American musician and prolific piano roll artist (1899–1976)

J. Lawrence Cook (July 14, 1899 – April 2, 1976) was an American pianist. His output has been estimated at between 10,000 and 20,000 different roll recordings.

Cook was born in Athens, Tennessee, the son of a preacher. He was orphaned before his fourth birthday, and raised by relatives who introduced him to music, in particular his grandmother who brought him to the church where she played pump organ. He went on to become the most famous name in the history of the music roll industry.

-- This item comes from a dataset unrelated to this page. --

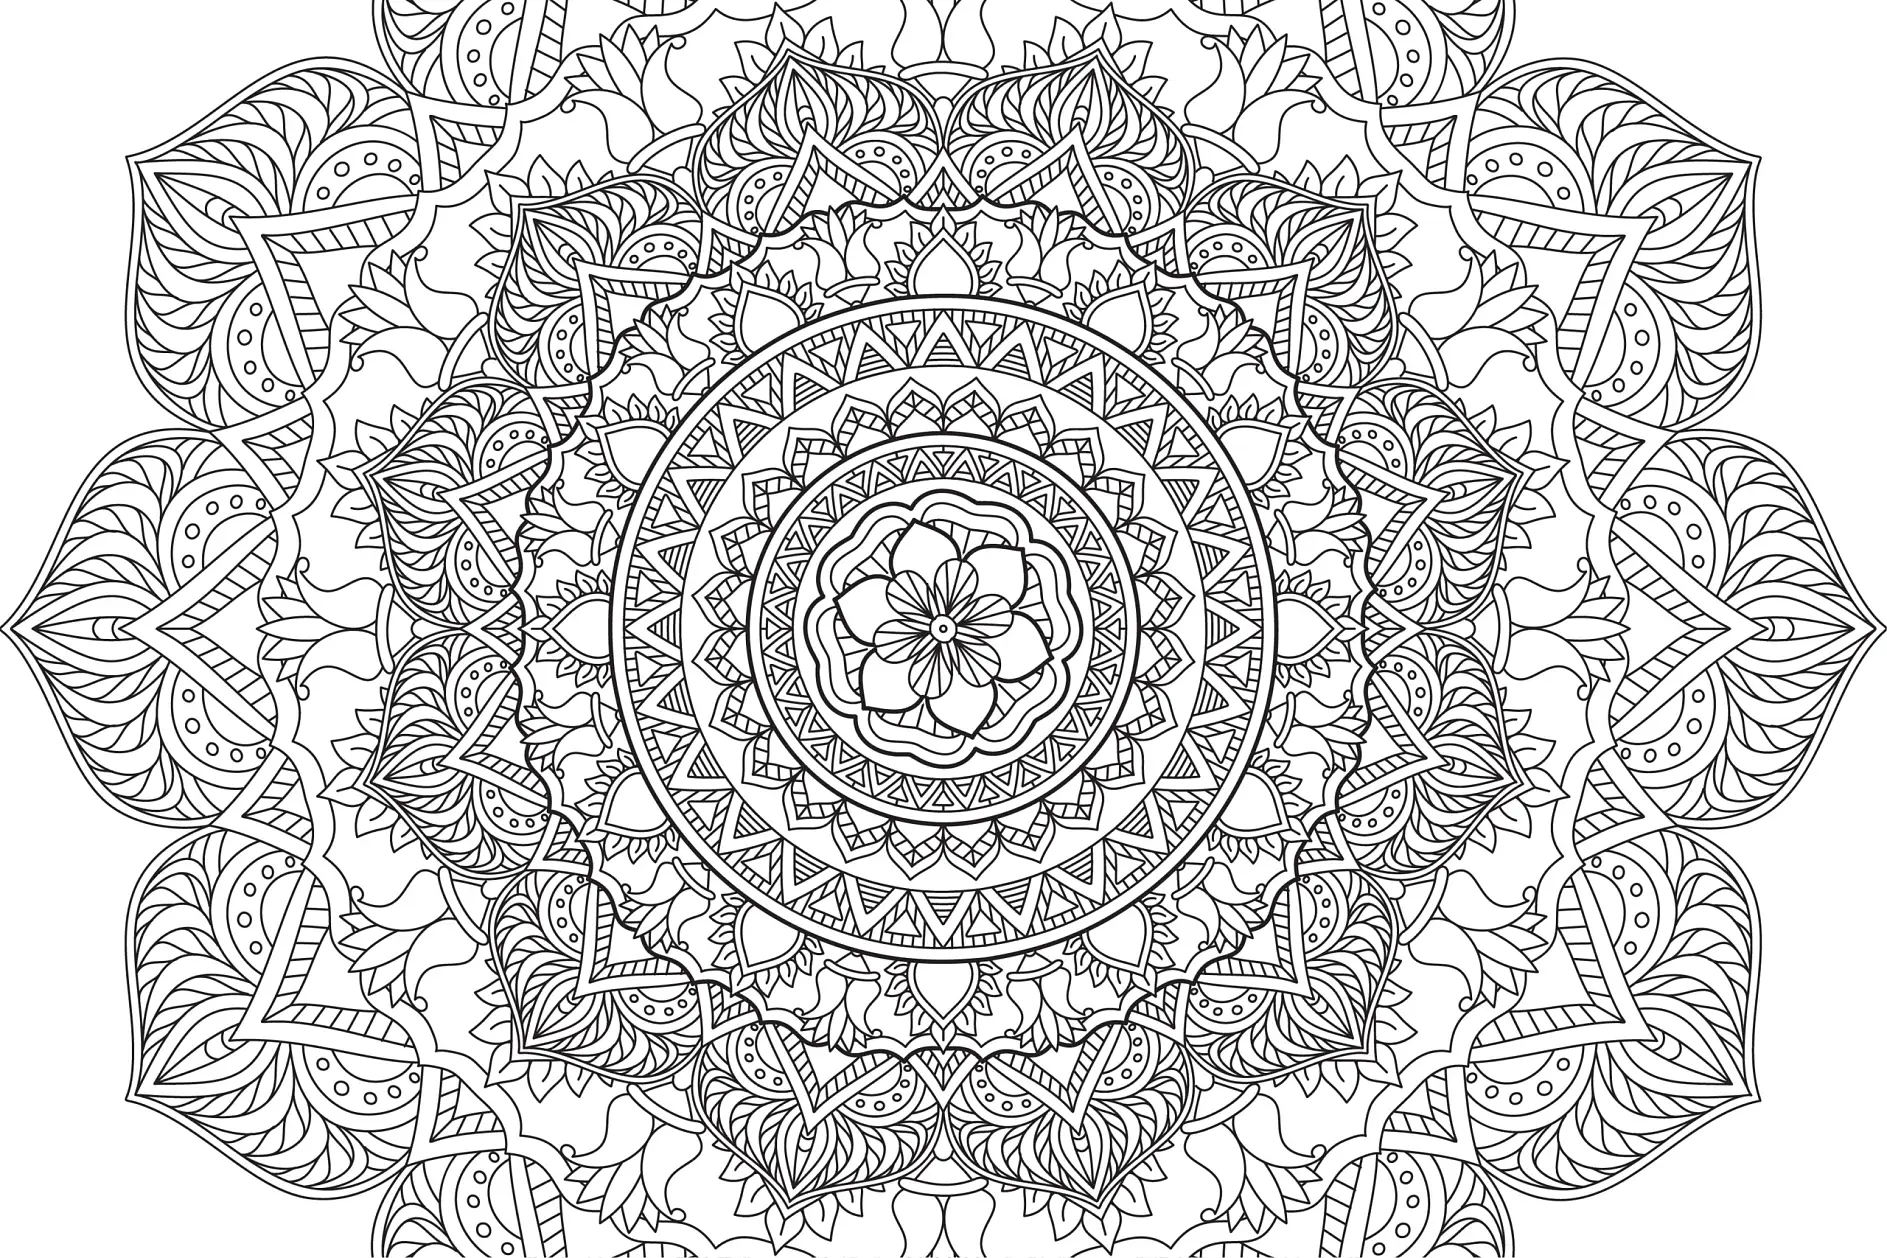 Ausmalbild Mandala mit komplexen Blumenmustern und detaillierten Blättern

The young black pianist arrived in New York in March 1920 and recorded some rolls for the US Music Roll Company. In May 1923, he was engaged by the QRS Music Roll Company (QRS Records), where he remained for nearly 50 years.

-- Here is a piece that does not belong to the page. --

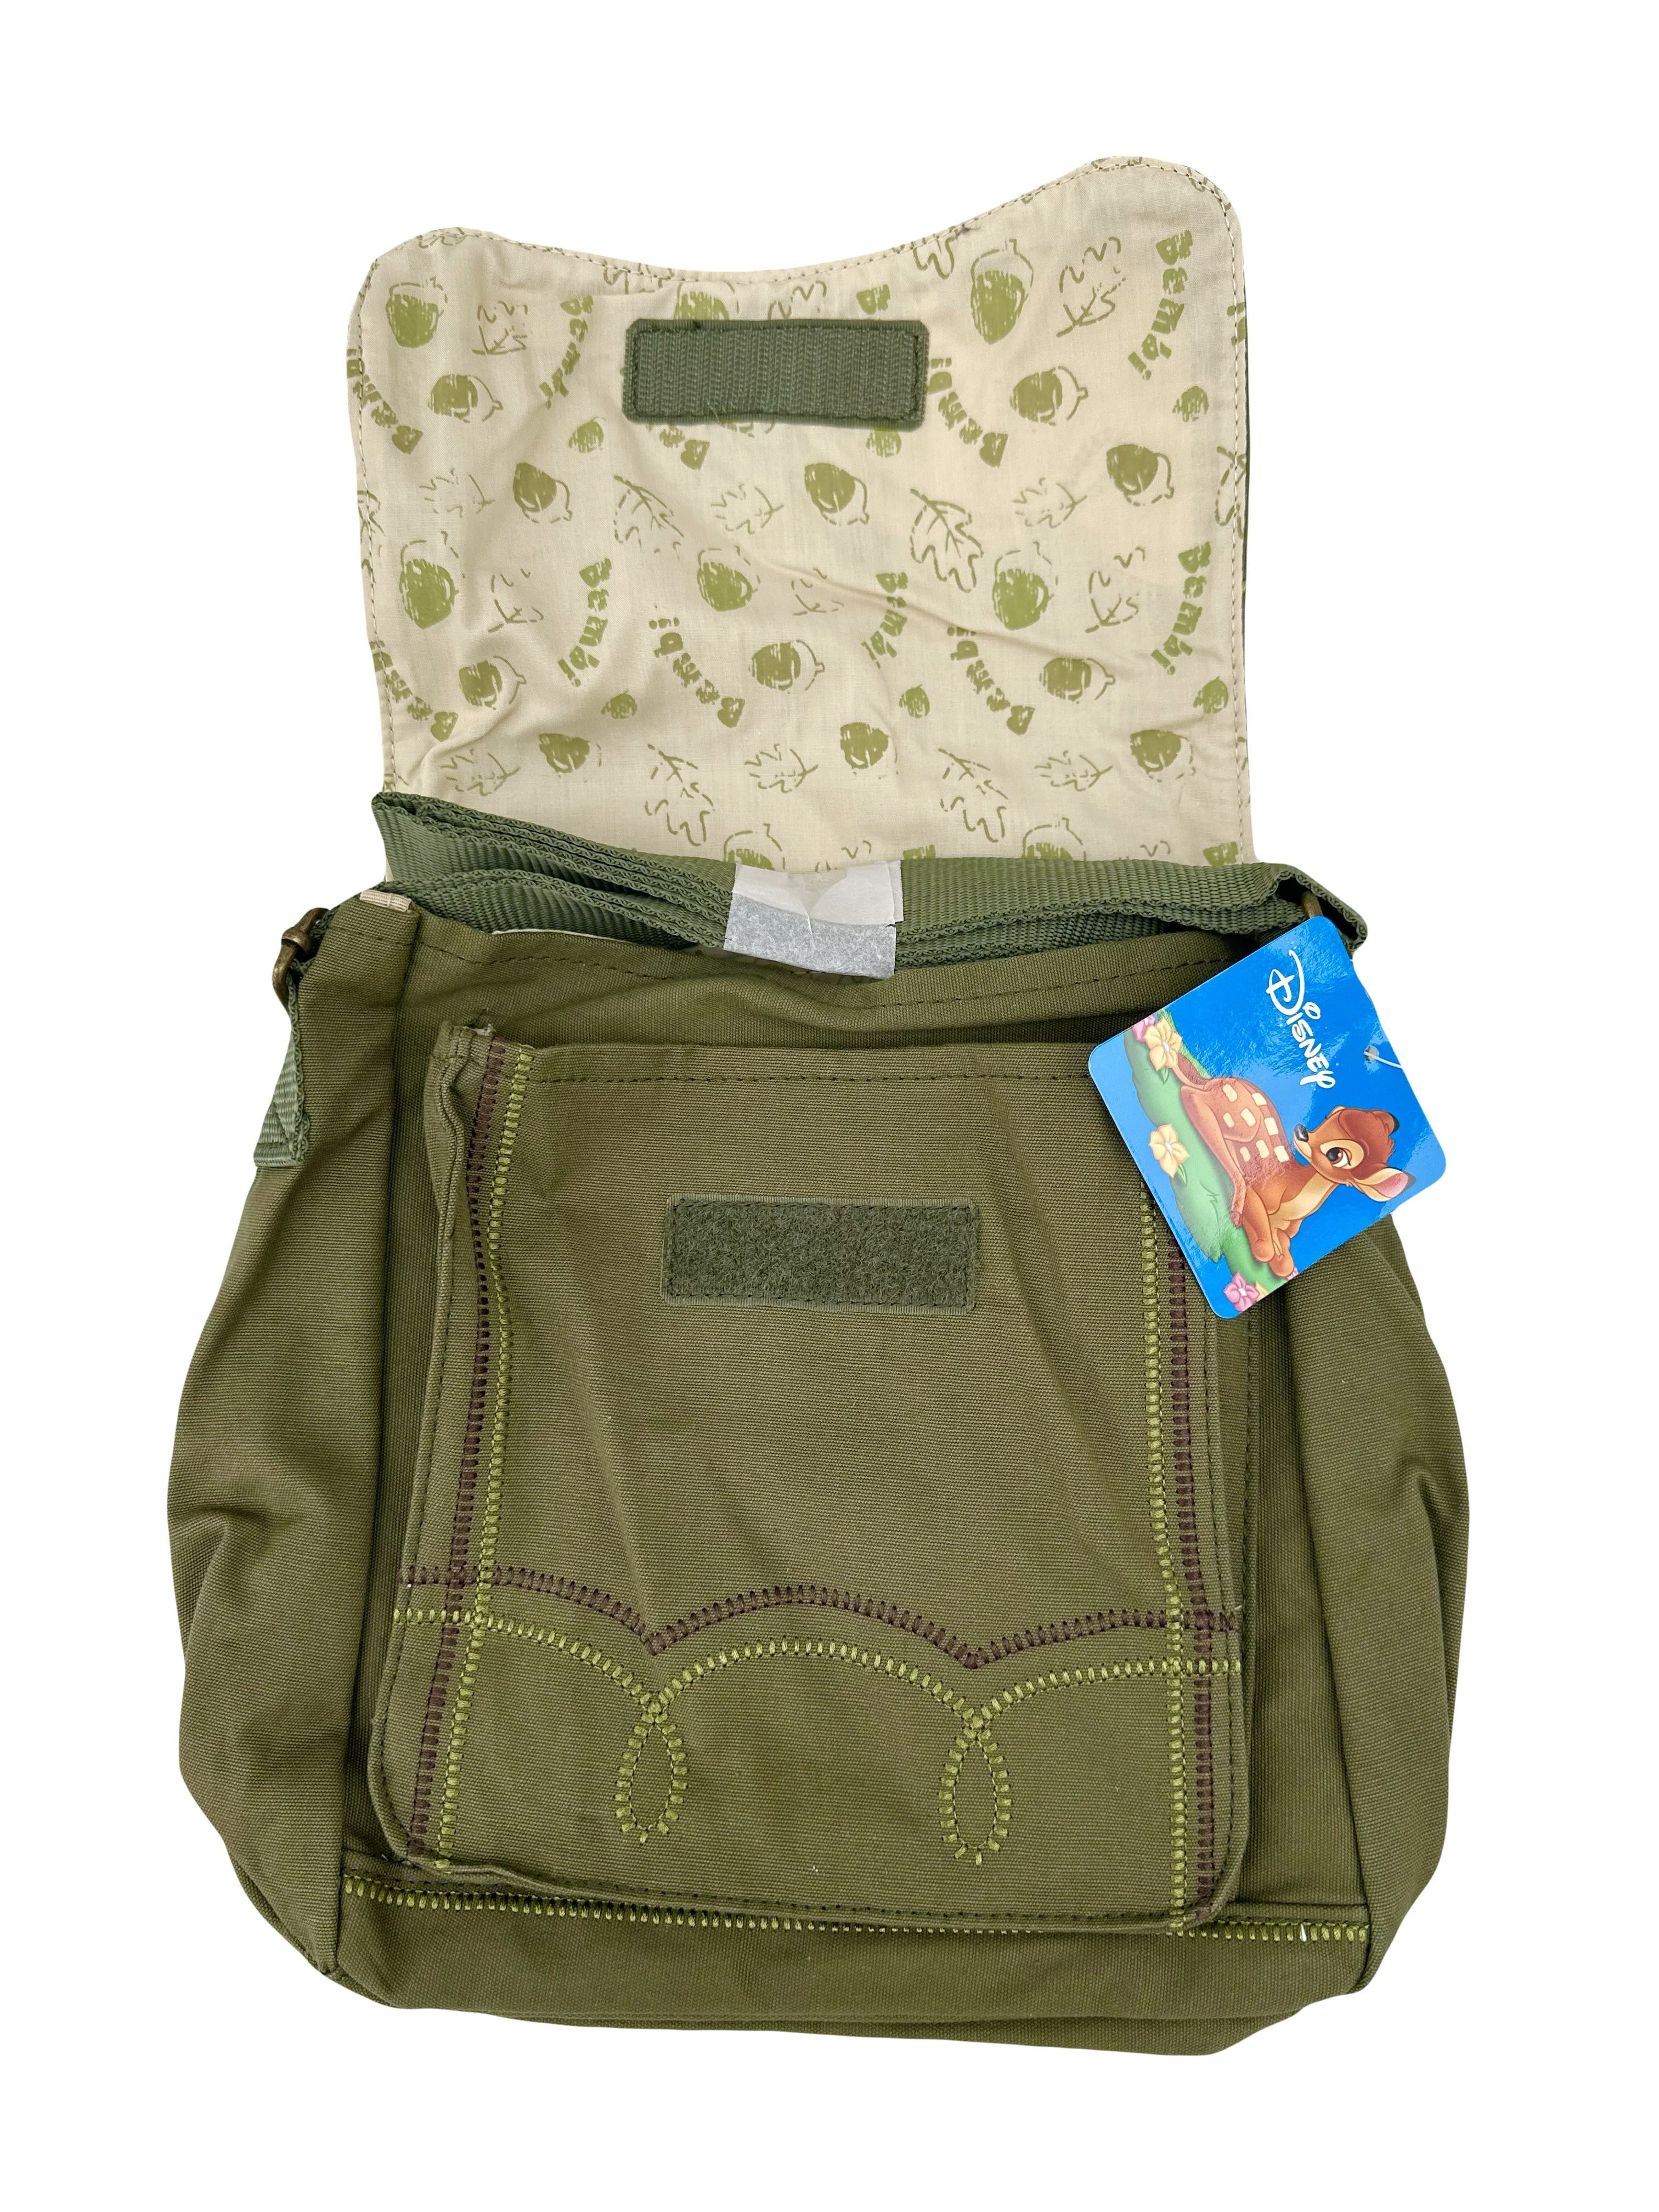 Disney Bambi Messenger Handbag Purse Bag - Camo Green Bambi Purse

As a result of his prolific output, he also used pseudonyms and some roles were released under names such as Sid Laney, "Pep" Doyle, and Walter Redding. He also produced some rolls that were marketed as being played by Fats Waller.

Cook was known to produce over two piano rolls each day, along with his other jobs, such as at the B.A.B Organ Company.

J. Lawrence Cook's arranging piano is on display at the American Treasure Tour in Oaks, Pennsylvania.

==Work at B.A.B Organ Company==
Cook, along with his piano rolls, also produced band organ rolls for the B.A.B Organ Company. In an interview with Cook in the 1970s, he was the sole arranger for B.A.B, which had produced over 800 master rolls at the time of its closure. Some of Cook's arranging for B.A.B. was never released, and is in storage in Virginia City, Montana.

The organ scales that Cook arranged for included, but are not limited to:
- 46 Key Scale
- 61 Key Scale (for Artizan D band organs)
- 66 Key Scale
- 82 Key Scale
- 87 Key Scale
Cook's work is identifiable by its switching between the counter melody (trumpet) and melody sections to play the melody, and is also known for "borrowing" notes from other sections to create a more chromatic scale.

His work has also been transcribed to the three standardized Wurlitzer band organ scales by the Play-Rite Music Co. with 46-key arrangements being transcribed to 125, 48-key to 150, and 66-key to 165, and along with being heard on Artizan and converted European organs, can also be commonly heard on Wurlitzer band organs, such as the Wurlitzer 165 at Glen Echo Park.

==Recordings==
In 1950 and 1951, Cook made phonograph records for the Abbey label, always billed as "Lawrence (Piano Roll) Cook" and sometimes accompanied by a small jazz combo. Most of his selections were ragtime and Tin Pan Alley standards (Tiger Rag, Dizzy Fingers, etc.) as well as novelty songs (How Many G's in Peggy, Paw?). In addition to his work as the featured artist, Cook was the pianist for vocalists Jerry Cooper and Dorothy Loudon, who also recorded for Abbey. Cook's Abbey records were issued in Canada under the Quality label.